:: Your task ::
Copy the entries without a single change. Pictures should be dropped.

━━━━━ Dataset records

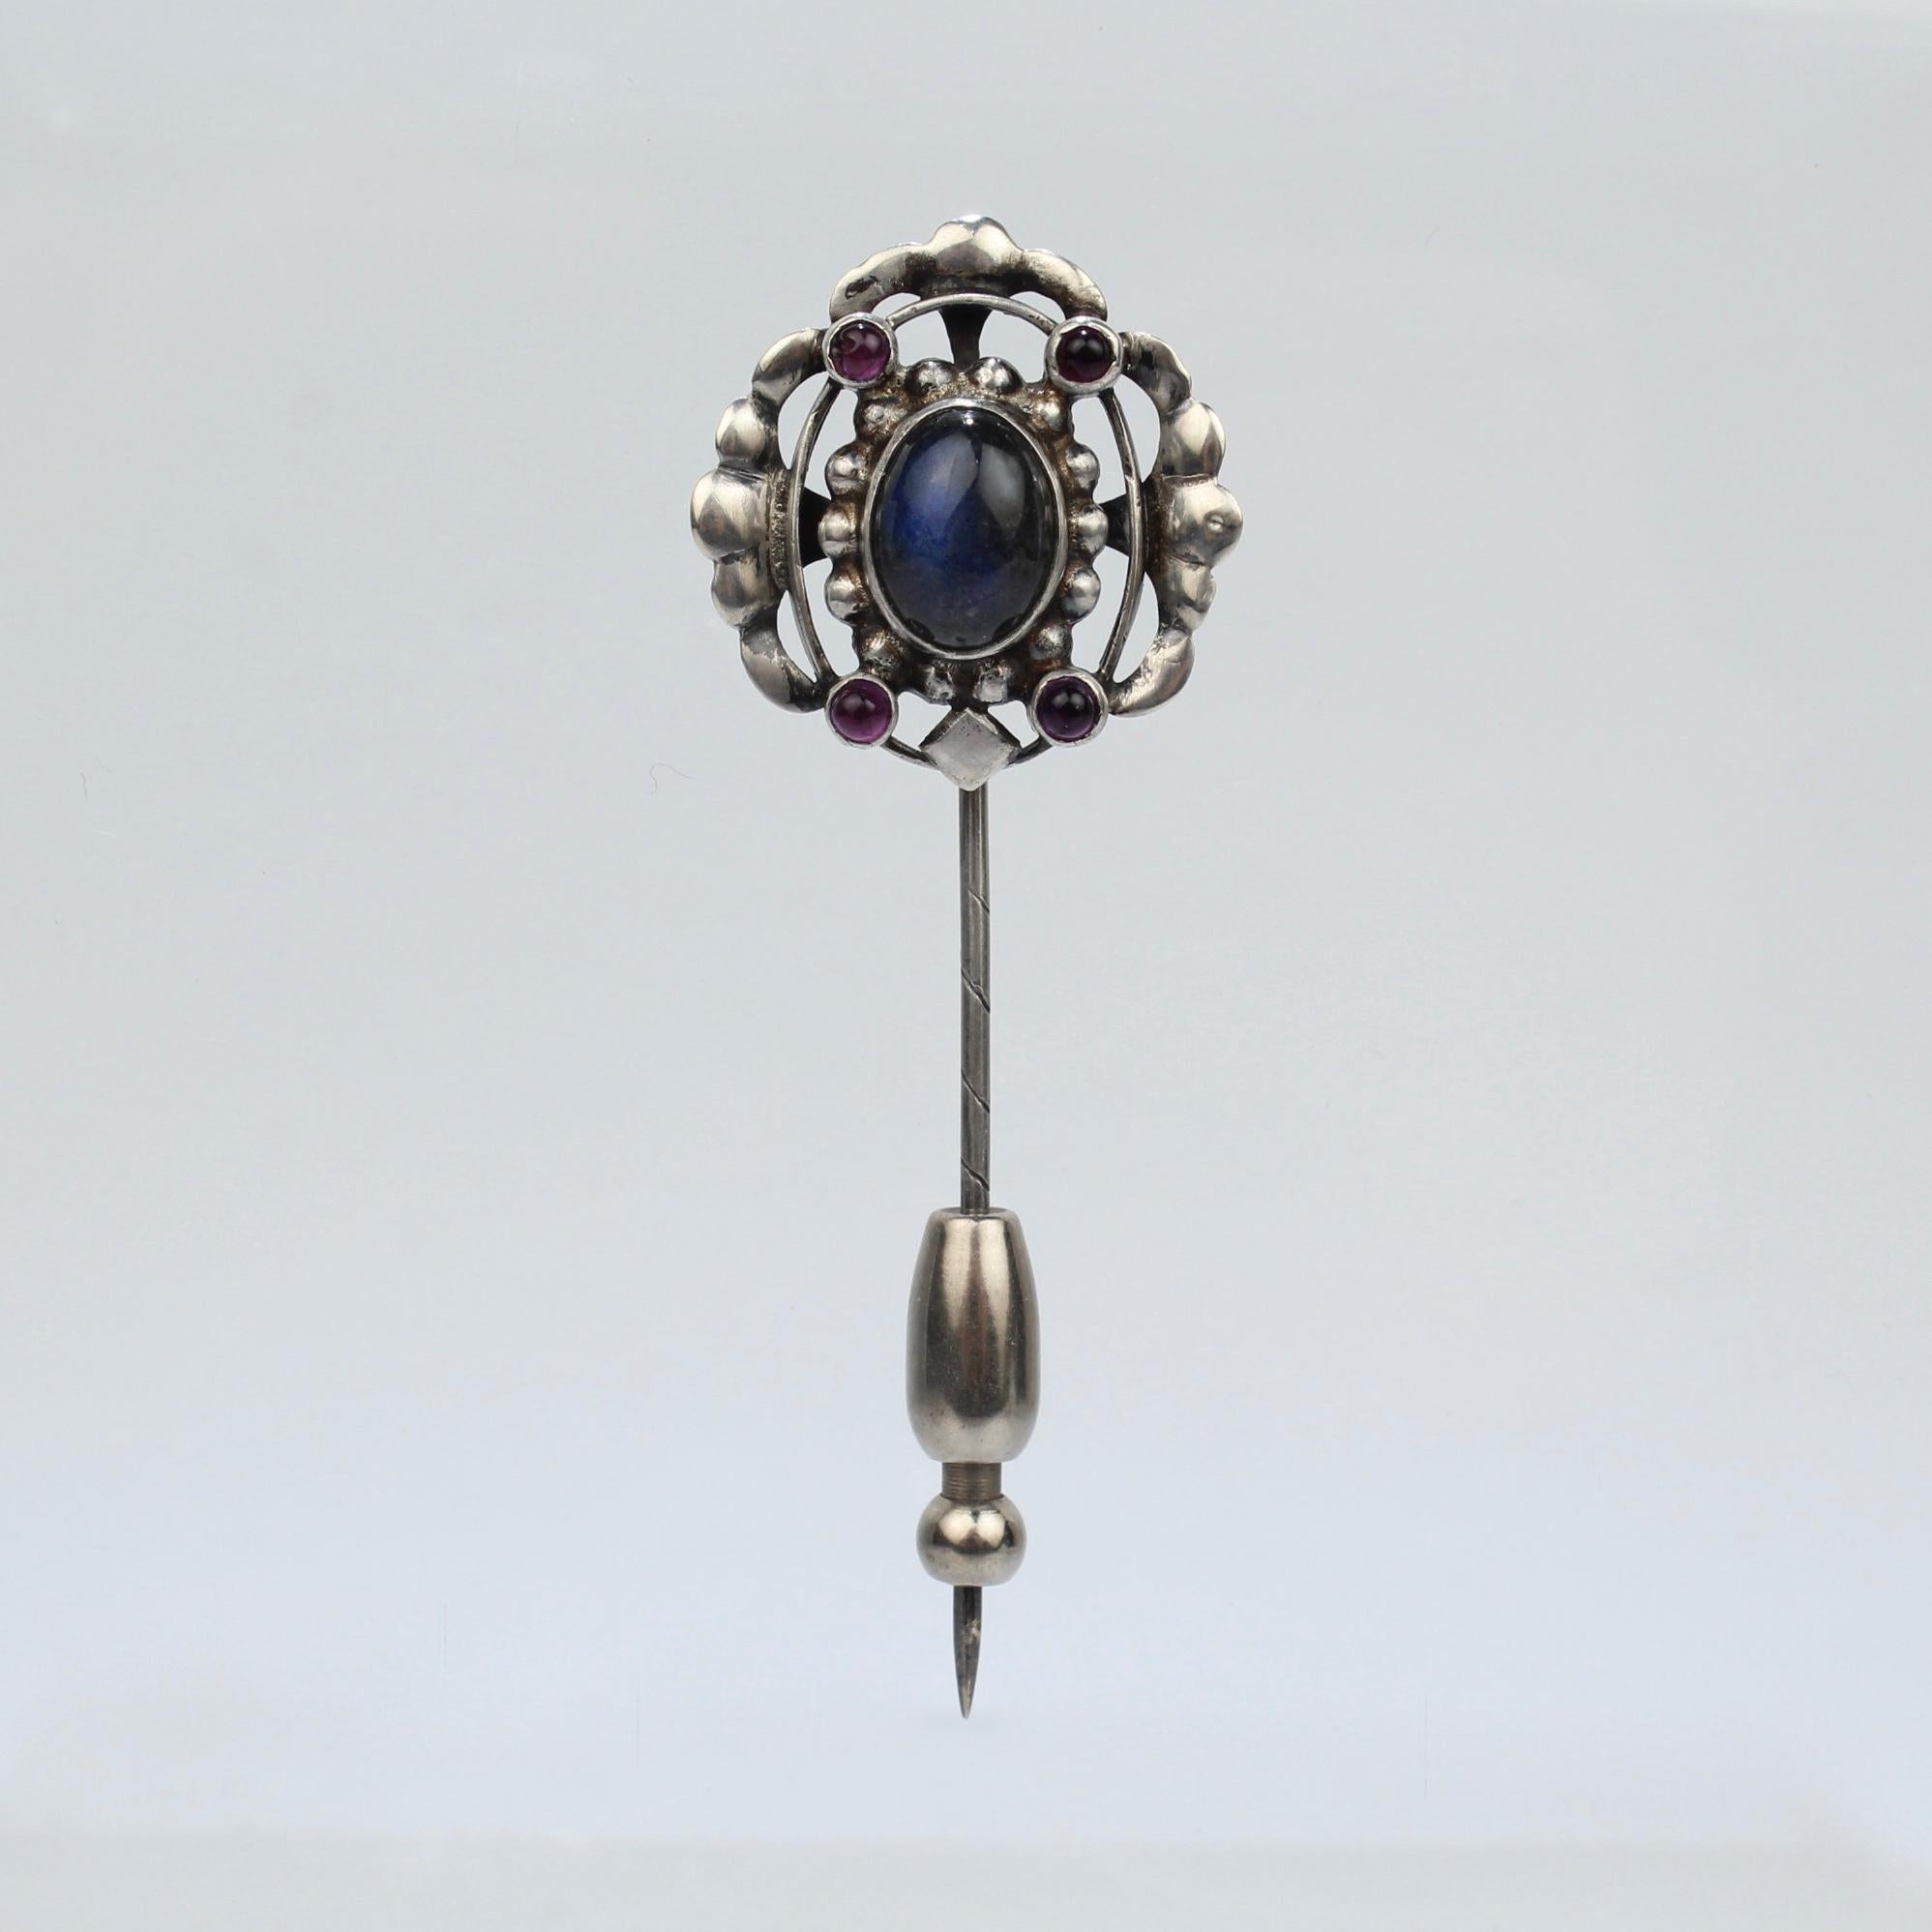 A rare Georg Jensen silver stick pin.

Model no. 17. 

Set with a central Labradorite cabochon and four small amethyst cabochons. (And accompanied by an added safety slide for extra security).

Dates between 1917 and 1927.

A rare early Jensen piece

━━━━━━━━━━

:: Exercise solution ::
 A rare Georg Jensen silver stick pin.

Model no. 17. 

Set with a central Labradorite cabochon and four small amethyst cabochons. (And accompanied by an added safety slide for extra security).

Dates between 1917 and 1927.

A rare early Jensen piece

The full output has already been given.